In case the import is not clear, let us state emphatically: this is a huge development.

***

In court filings seeking to stave off a media Freedom of Information request, the FBI has stated that releasing documents relating to this issue will harm “national security.” As proof of the sensitivity of the matter, the FBI gave the judge a document dated April 4, 2002, in which the FBI states that its own inquiries “revealed many connections” between a well-connected Saudi family with a house in South Florida and “individuals associated with the terrorist attacks on 9/11/2001.”

The Sarasota Affair

The Freedom of Information request that prompted these reluctant admissions was filed by the Broward Bulldog, a South Florida nonprofit investigative site which first covered the Saudi connection in 2011.

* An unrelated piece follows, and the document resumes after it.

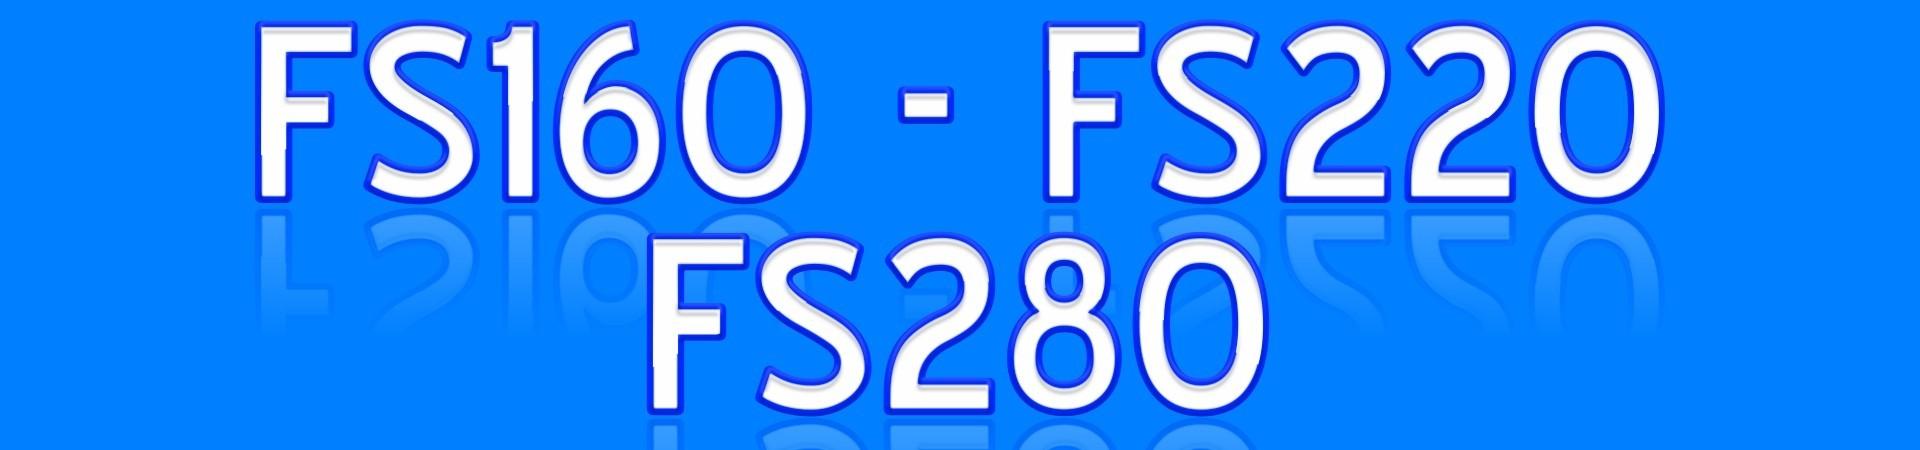 REPUESTOS para Desbrozadora STIHL FS160 FS220 FS280
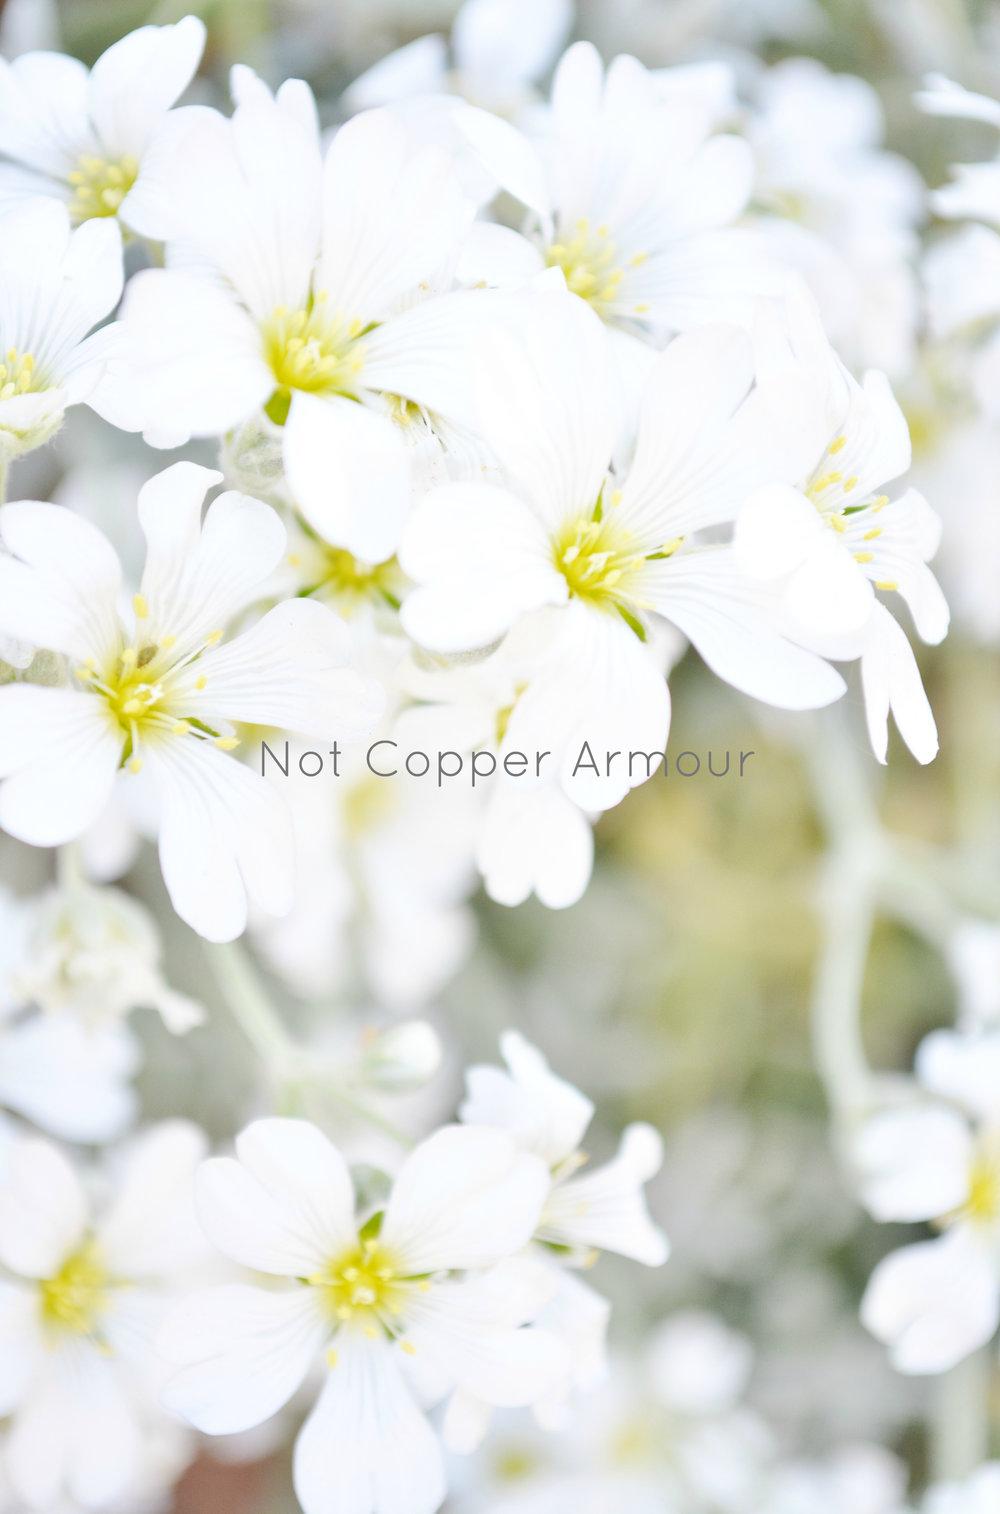 Not Copper Amour - WM #10.jpg

The Bulldog’s reporting explained how a family living in an exclusive gated community outside Sarasota, on Florida’s West Coast, had apparently vanished suddenly some 10 days before the 9/11 attacks. Investigators, including a swarm of FBI agents, found that the family’s departure was clearly so sudden that they left almost their entire household intact, down to cars, clothing, and food in the refrigerator. Most significant, though, investigators had established that several of the men publicly identified as among the 9/11 hijackers, including purported ringleader Mohammed Atta, had visited the house and/or been linked to it through a web of telephone communications.

The FBI told none of this to Congress, and it was not mentioned in the original 9/11 Commission report released in 2004.

WhoWhatWhy, in an original investigation, went deeper, and established that the owner of the house was a prominent Saudi businessman who works directly for the Saudi prince most involved with aviation—including being the first Saudi who trained to fly planes in South Florida. You can read our complete story here (http://whowhatwhy.com/2011/09/22/saudi-royal-ties-to-911-hijackers-via-florida-saudi-family-0/).

The significance of this cannot be stated strongly enough. Although many people think they “already know” about ties between the hijackers and Saudi royals, they confuse these important revelations with reports that prominent Saudis were permitted to leave the country shortly after 9/11, as popularized in Michael Moore’s film Fahrenheit 9/11.

This new revelation is far more significant. The older story shows possible favoritism toward, or at least concern for, well-connected Saudis on the part of the US government in permitting them to leave. The Sarasota story, however, shows that the US government came upon what may have been a command or control center for the men we are told hijacked the planes.

And with the connections documented by WhoWhatWhy, it is almost impossible not to conclude some kind of awareness, either before or after the act, on the part of Saudi Prince Sultan bin Salman bin Abdul Aziz Al-Saud and the powerful clique he represents within the royal clan. Again, for more on this, please read the entire story, which continues over three pages on our site.

The FBI Reversal

Kudos to the Bulldog for filing the FOIA request, which unearthed that gem of an FBI submission. It was included in filings by Miami Assistant U.S. Attorney Carole M. Fernandez, and was part of a sworn 33-page declaration from FBI Records Section Chief David M. Hardy. He stated that producing classified information related to the matter “would reveal current specific targets of the FBI’s national security investigations.” The purpose of the filings was to convince U.S. District Judge William J. Zloch not to allow the FOIA suit to succeed.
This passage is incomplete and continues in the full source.